The Perfect Balance For Hybrid Work: 2 Days In Office 

Spending two days in the office could be the “sweet spot” that workers and bosses alike have been chasing.

New research suggests that two days in the office and three days at home might be the right schedule for the labor market.

The news comes from researchers Prithwiraj Choudhury, Tarun Khanna, Christos Makridis, and Kyle Schirmann.

They analized results in their “Review of Economics and Statistics”. The sample used was of 148 employees at BRAC, the world’s largest NGO in Bangladesh.

Before 2020 and the pandemic, those BRAC employees were in the office five days a week.

Employees in the experiment were randomly selected to come into the office over a period of nine weeks, around 35 workdays.

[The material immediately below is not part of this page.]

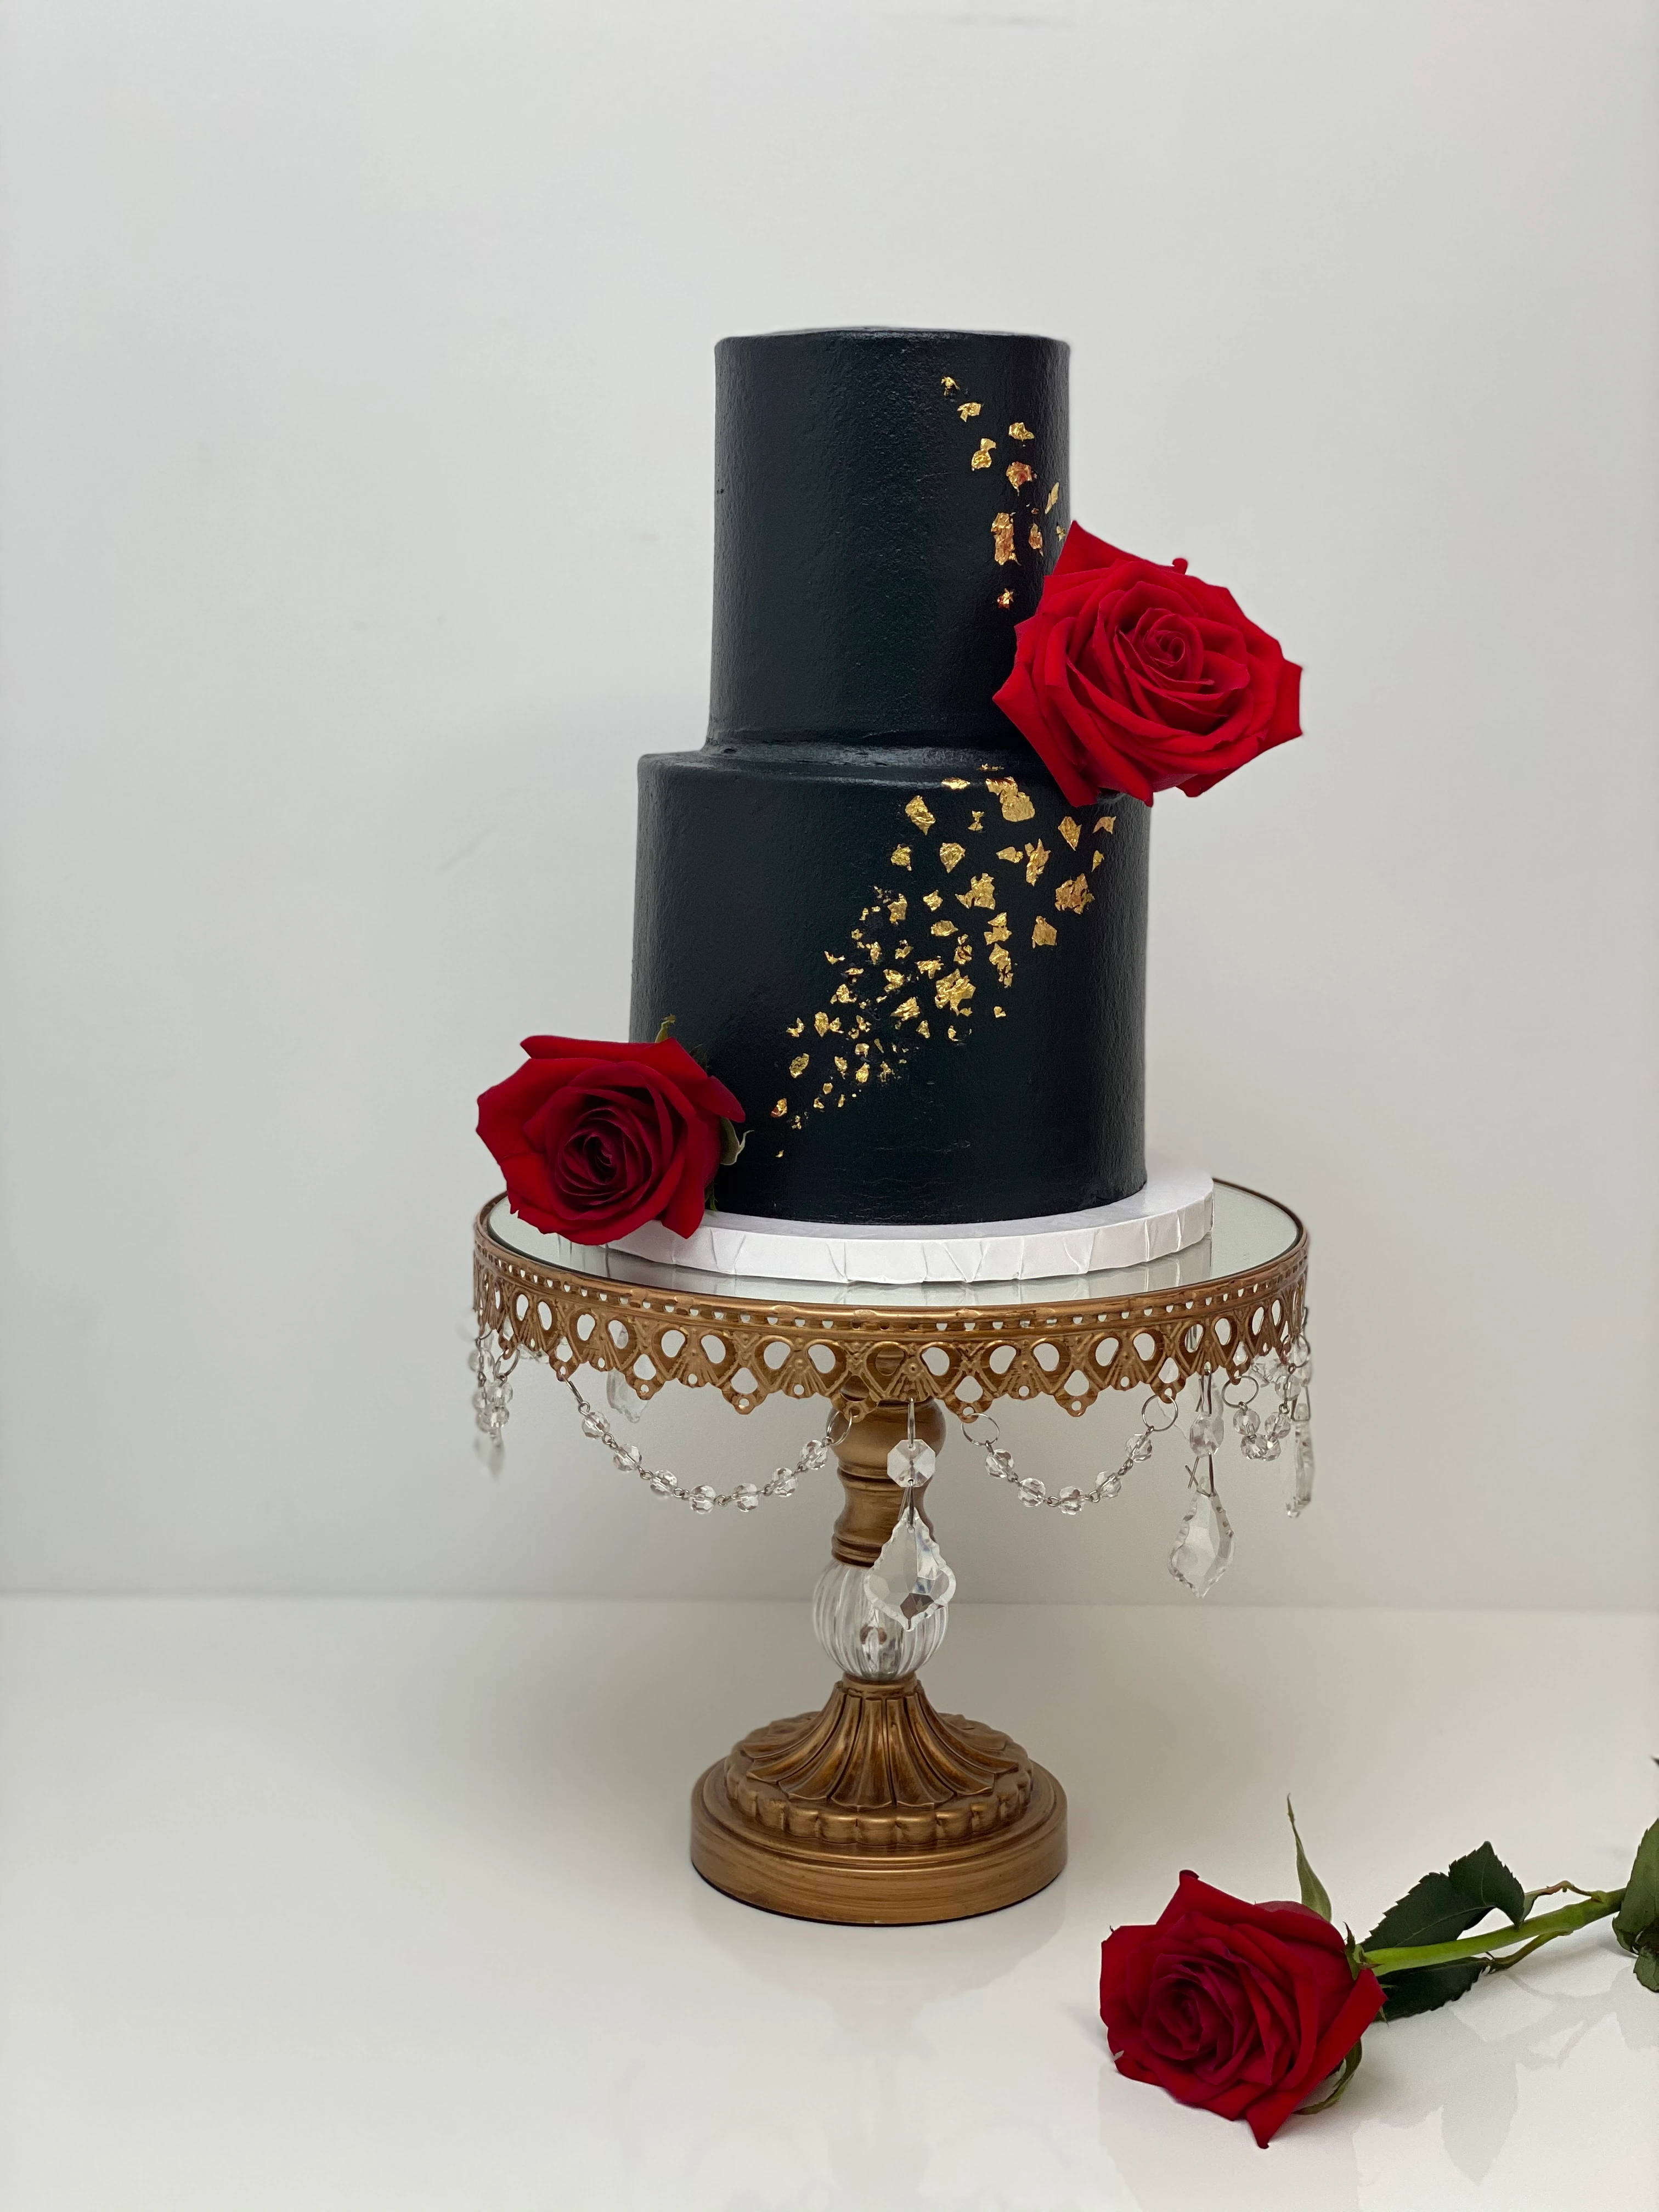 Black cake with 2 roses on a gold cake stand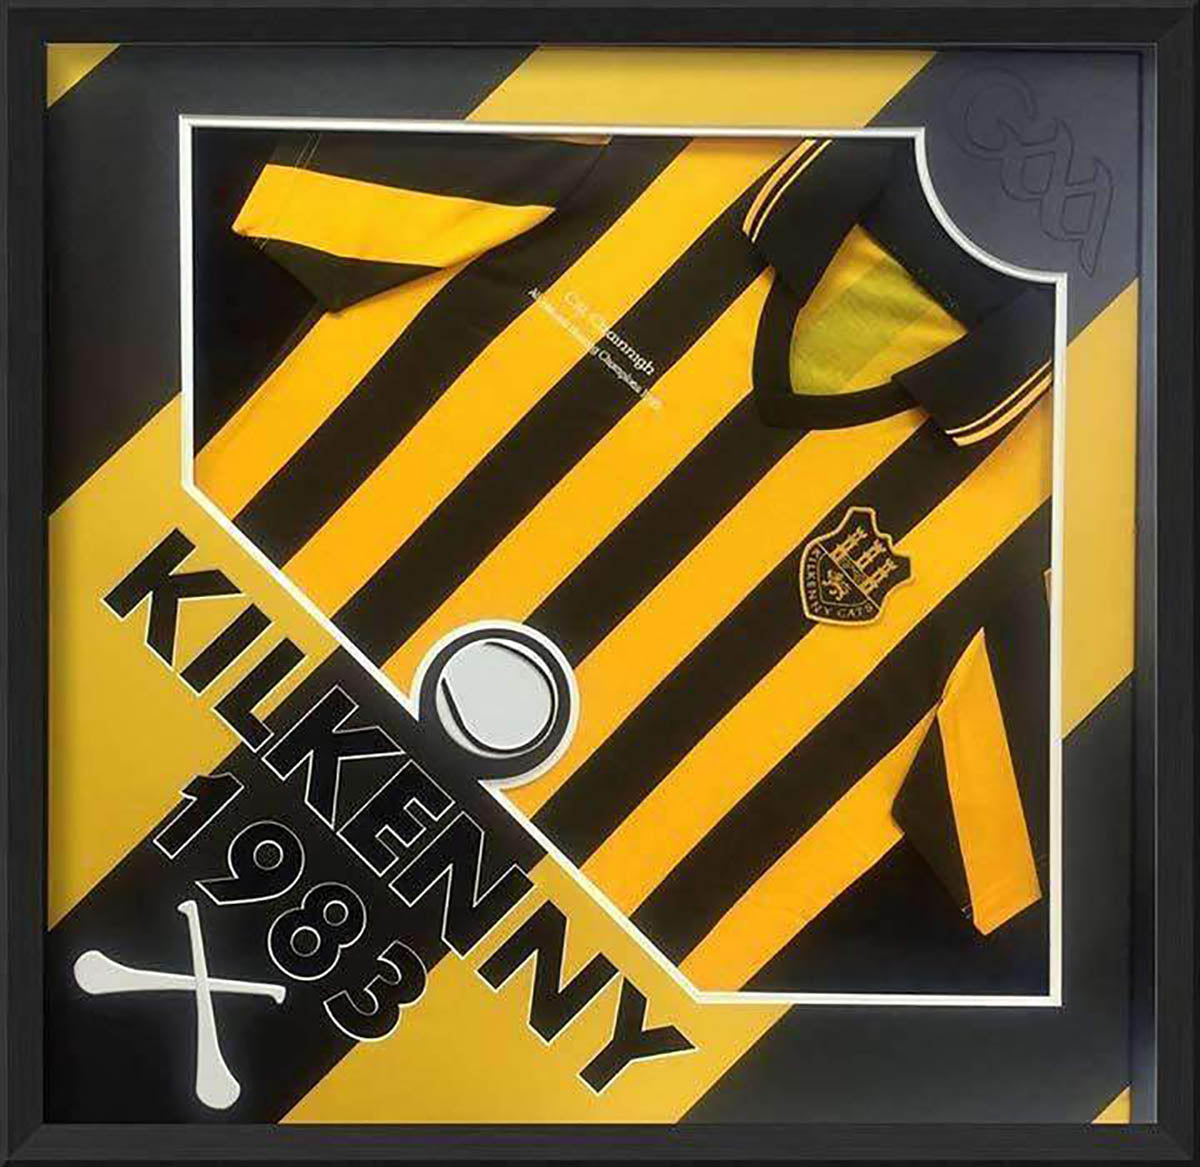 Hurling Jersey frame - with multi-graphical design elements

At the end of the experiment, researchers split the employees up into three different buckets of work-from-home based on how many days they were randomly assigned to come into the office. 

“High” work-from-home meant that they spent an average of 0-1 days in the office a week. “Intermediate” meant an average of 2 days in office a week, and “Low” meant 15 or more days in office.

Research found “intermediate” workers were more satisfied at work. They also had greater work-life balance and felt less isolated.

Their managers were also more likely to rate them better than workers in the other two buckets of WFH.

“Intermediate WFH is plausibly the sweet spot, where employees report greater satisfaction and lower isolation,” the authors write.

“And yet, they receive no penalties in performance ratings compared to peers who work more or fewer days in the office.”